I enjoy being able to give them that. That's like a drug for me. Being someone's shelter.

Charley and I both have a real thing for the word Shelter.

I love giving that to people who need it, and to be honest, that's the one thing that attracts me most to someone who always tops my Top Ten Men List.

(Wow, this is totally taking turns I didn't expect)

George C...I'll let you in on a little secret, I don't find him all that attractive. Sometimes I do, sometimes he takes my breath away, but most of the time, it's more about who he is as a person, how down to earth and funny and all that stuff...

Under it all though, the thing that I find absolutely most attractive about George? He needs shelter more than anyone I've ever met. This man needs somewhere to feel safe.

The sexiest thing about George?

He sleeps in the back of a closet.

What I wouldn't do to be able to provide him the saftey he needs to come out and sleep in the sun.

It's what kept me with Jordan for so long and what's likely to draw me back to him again one day, the fact that I'm his shelter and I have, on occasion allowed him to be mine.

Being my shelter is a full time job, as the one or two people who have been allowed to undertake it over the years will tell you.
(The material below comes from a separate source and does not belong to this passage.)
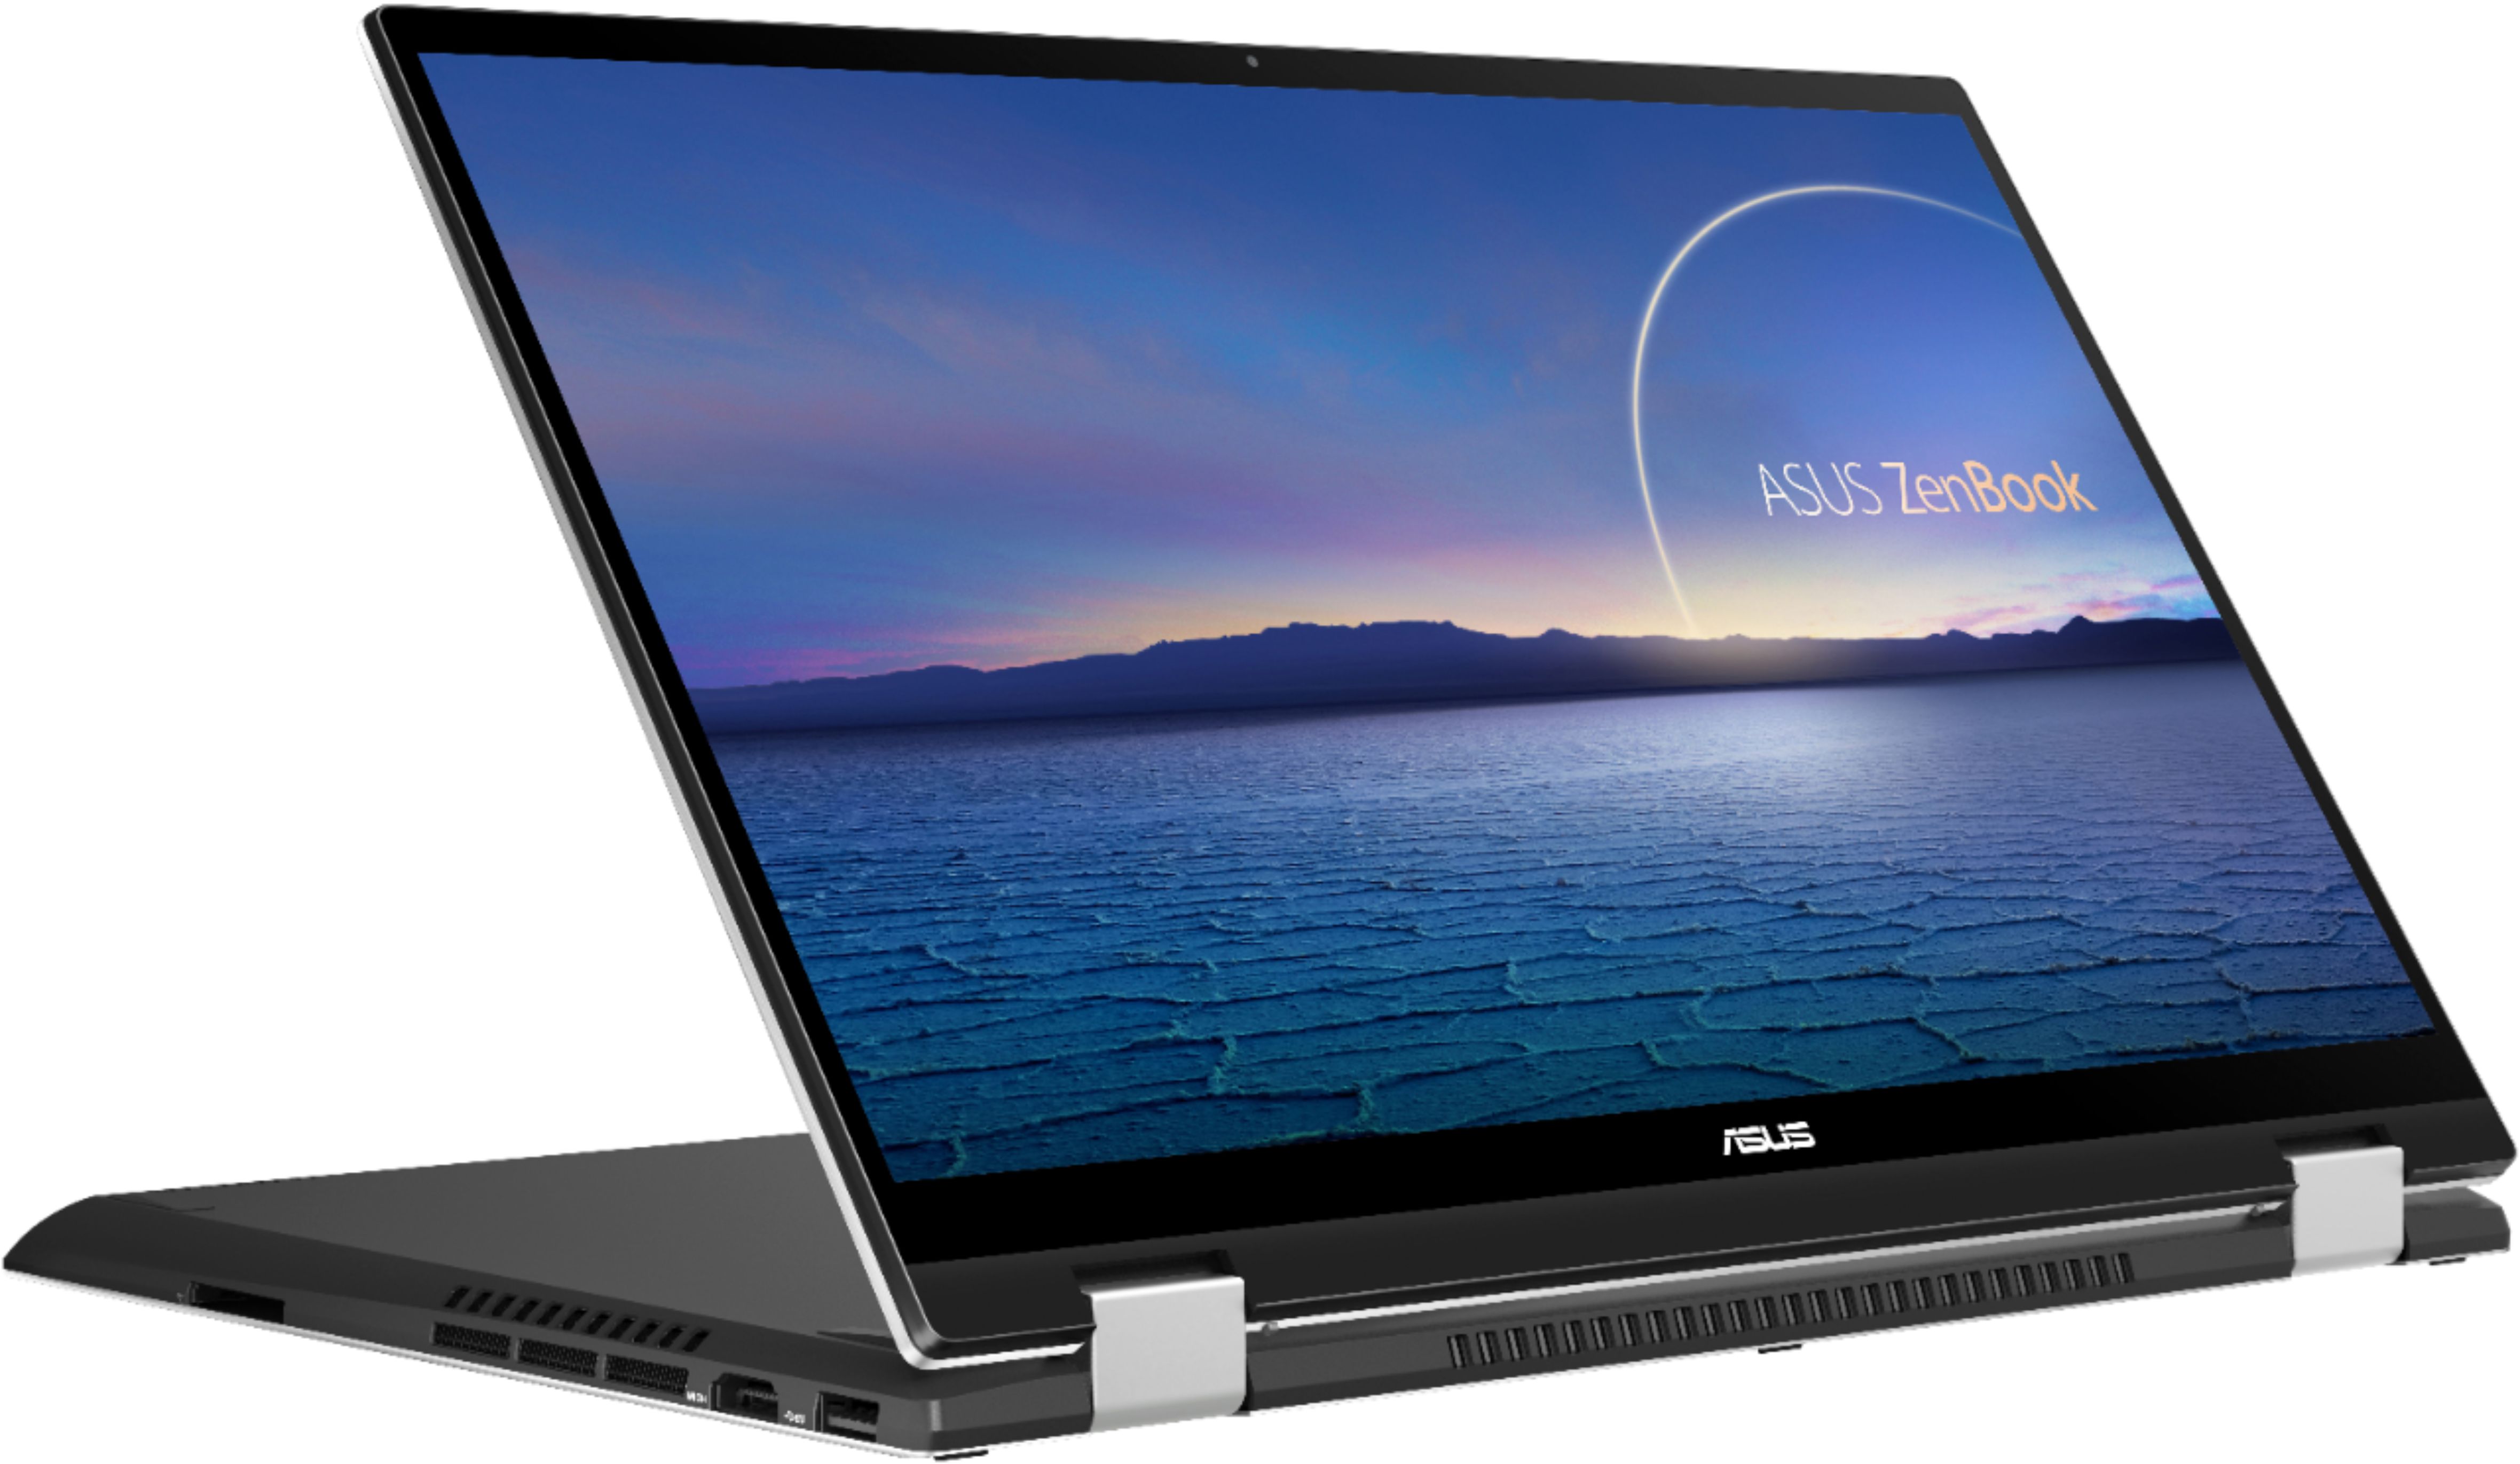  ASUS ZenBook 15 Ultra-Slim Laptop 15.6” FHD NanoEdge Bezel,  Intel Core i7-10510U, 16GB RAM, 1TB PCIe SSD, GeForce GTX 1650, Innovative  ScreenPad 2.0, Windows 10 Pro, UX534FTC-XH77, Royal Blue : Electronics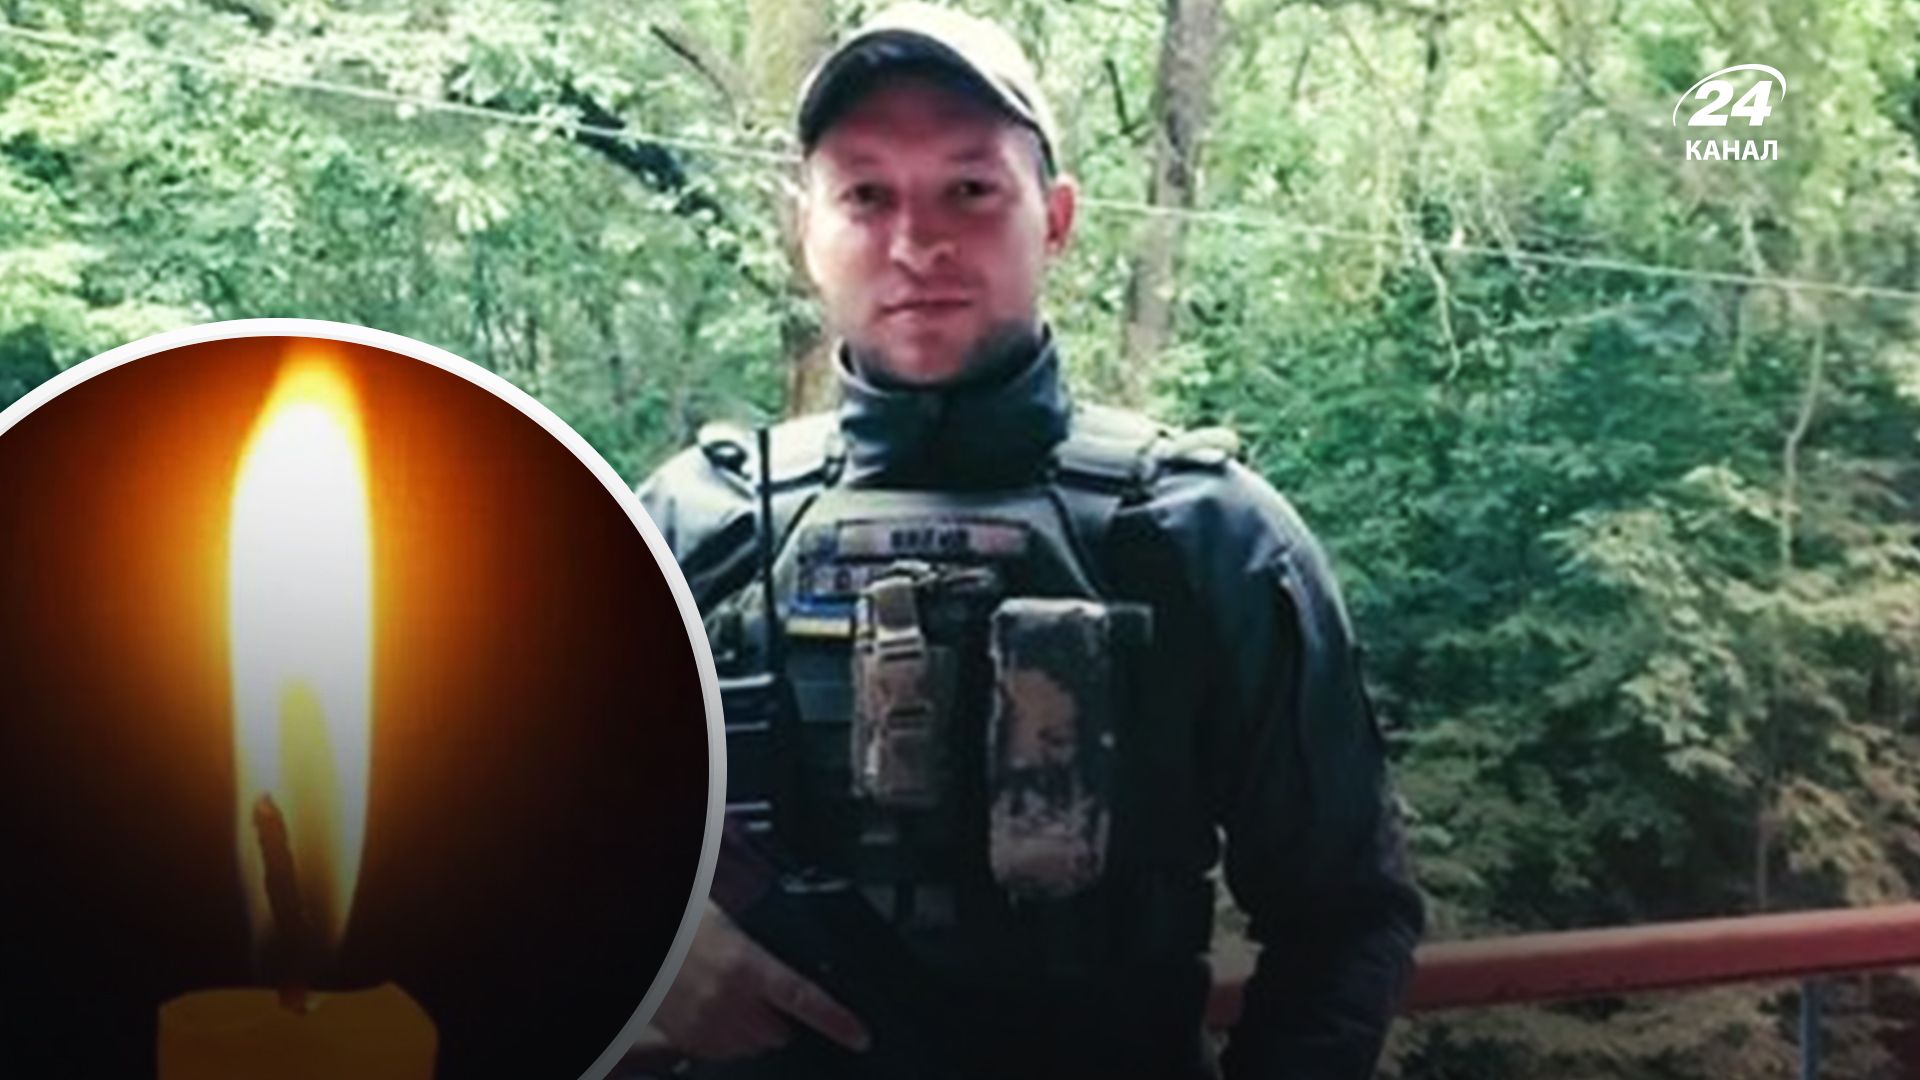  Руслан Карпюк загинув, захищаючи Україну - 24 Канал

The one person who has excelled at it is the one person who tortures me more than any other.

This isn't about him though.

This was more about Boy Wonder who is also someone who has been on both the giving and receiving end of my shelter and is trying to strike a rather delicate balance in his life at this time.

It can be so hard to try to be careful of someones feelings while getting on with your life in even the best of situations. When you're doing it in People Magazine it makes it that much more difficult to find your way.

But at least he knows where there's Shelter.